Art. 02. Os biotérios e os centros de experiências e demonstrações com
animais vivos deverão ser registrados em órgão competente e por ele
autorizados a funcionar.
Art. 03. A vivissecção não será permitida:
I – sem emprego de anestesia;
II – em centros de pesquisas e estudos não registrados em órgãos
competentes;
III – sem supervisão de técnico especializado;
IV – com animais que não tenham permanecido mais de 15 dias em botério
legalmente autorizado;
V – em estabelecimento de ensino de 1º e 2º graus e em quaisquer locais
freqüentados por menores de idade.
Art. 04. O animal só poderá ser submetido ás intervenções recomendadas nos
protocolos das experiências que constituem a pesquisa ou os programas de
86
aprendizagem cirúrgica, quando durante ou após a vivissecção, receber
cuidados especiais.
Parágrafo 1 – Quando houver indicação, o animal poderá ser sacrificado sob
estrita obediência às prescrições científicas.

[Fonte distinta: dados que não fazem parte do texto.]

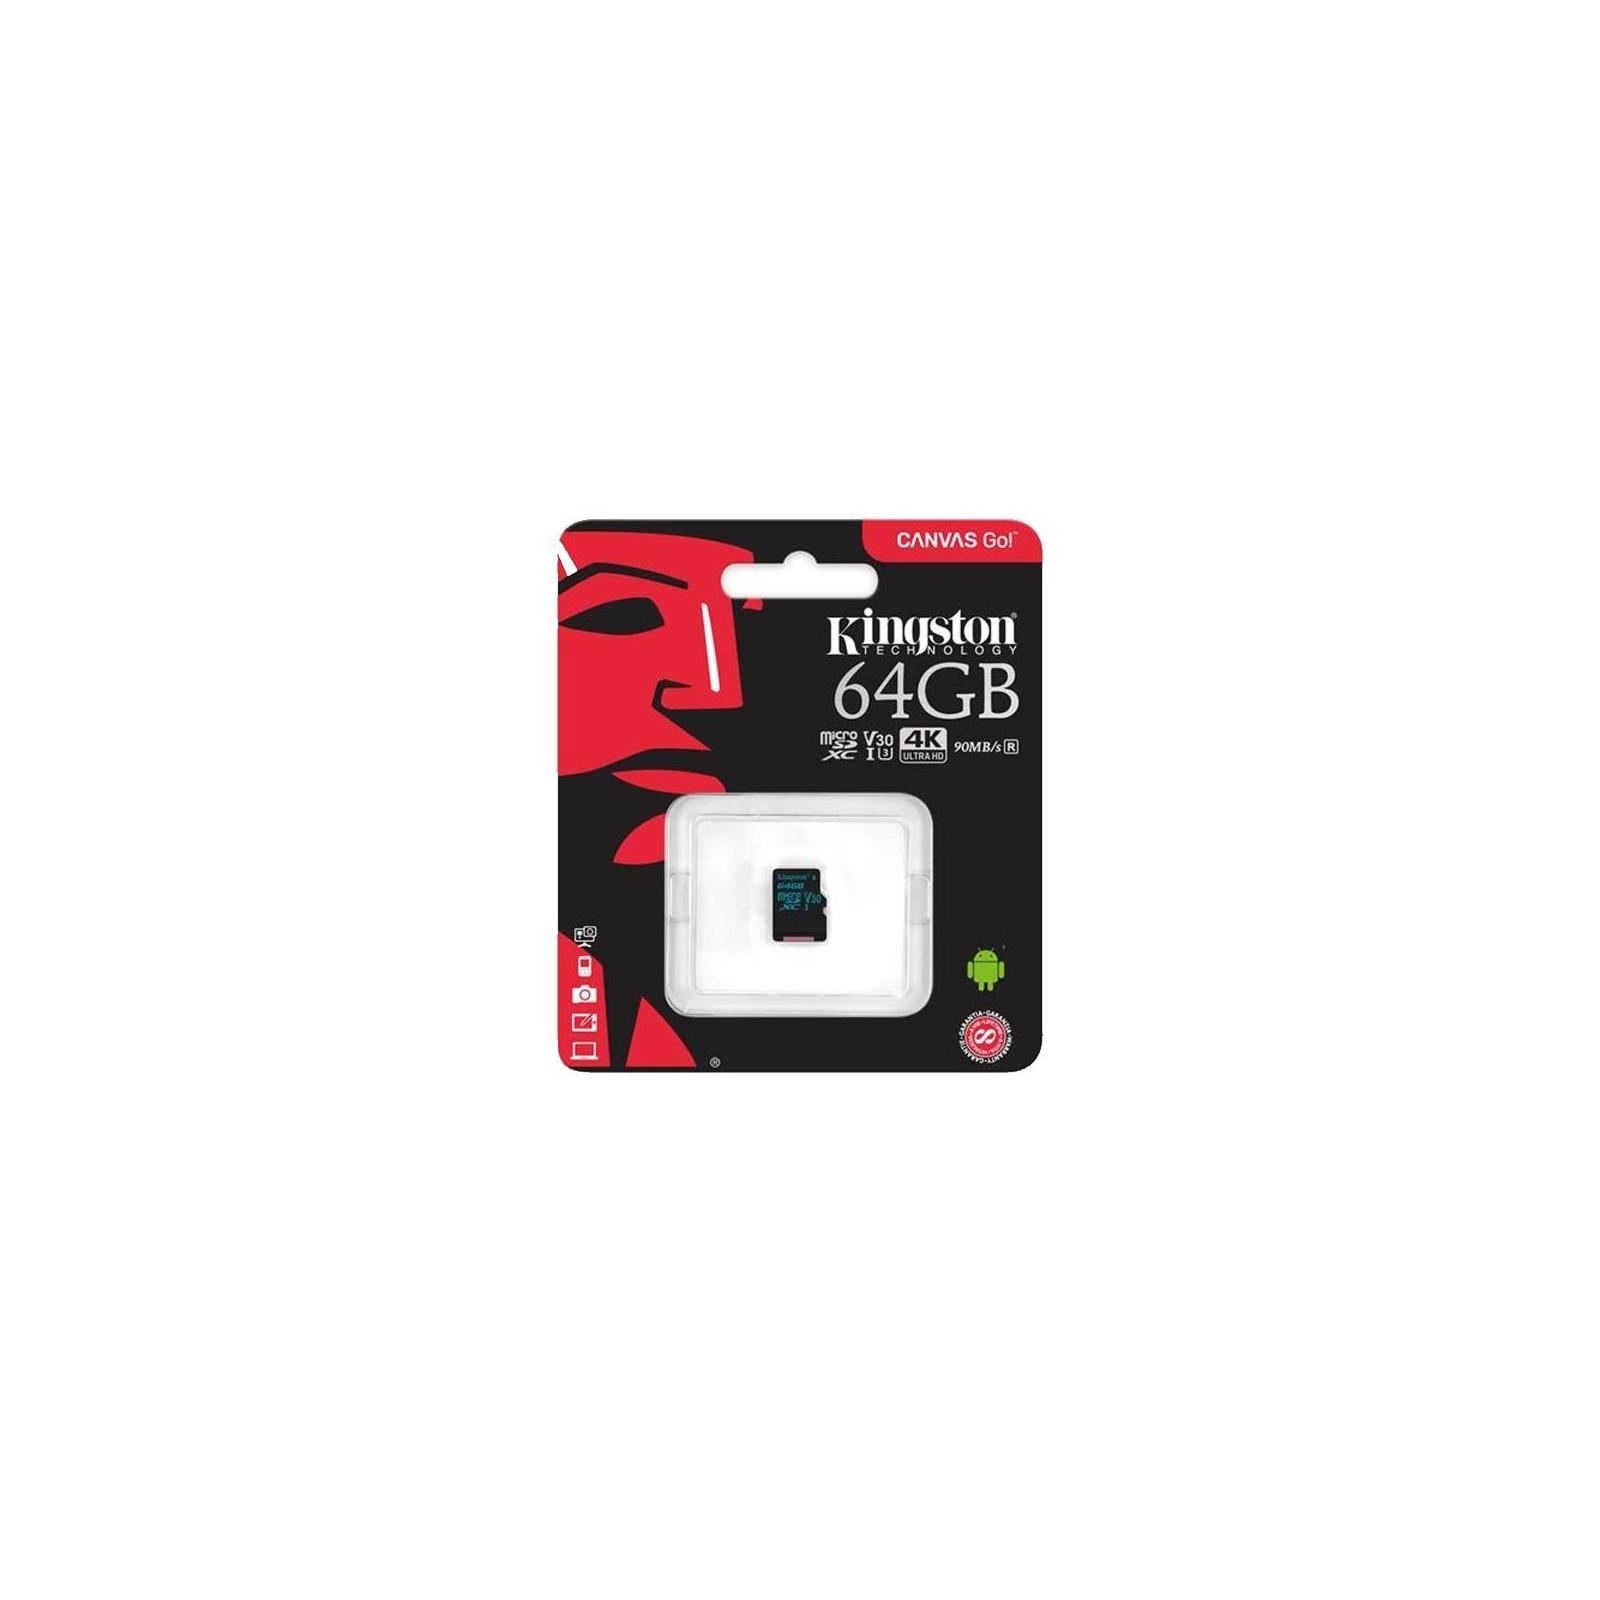 Карта памяти Kingston 64GB microSDXC class 10 UHS-I U3 Canvas Go (SDCG2/64GBSP) изображение 2

Parágrafo 2 – Caso não sejam sacrificados, os animais utilizados em
experiência ou demonstrações somente poderão sair do biotério 30 (trinta) dias
após intervenção, desde que destinados a pessoas ou entidades idôneas que
por eles queiram responsabilizar-se.
Art. 05. Os infratores desta lei estarão sujeitos:
I – às penalidades cominadas no artigo 64, caput, do Decreto-lei 3.688 de
03/10/1941, no caso de ser a primeira infração;
II – à interdição e cancelamento do registro do biotério ou do centro de
pesquisa, no caso de reincidência;
Art. 06. O Poder Executivo, no prazo de 90 (noventa) dias, regulamentará a
presente Lei, especificando:
I – o órgão competente para o registro e a expedição de autorização dos
biotérios e centros de experiências e demonstrações com animais vivos;
II – as condições gerais exigíveis para o registro e o funcionamento dos
biotérios;
III – o órgão e autoridades competentes para fiscalização dos biotérios e
centros mencionados no inciso I.
Art. 07. Esta lei entra em vigor na data de sua publicação.
Art. 08. Revogam-se as disposições em contrário.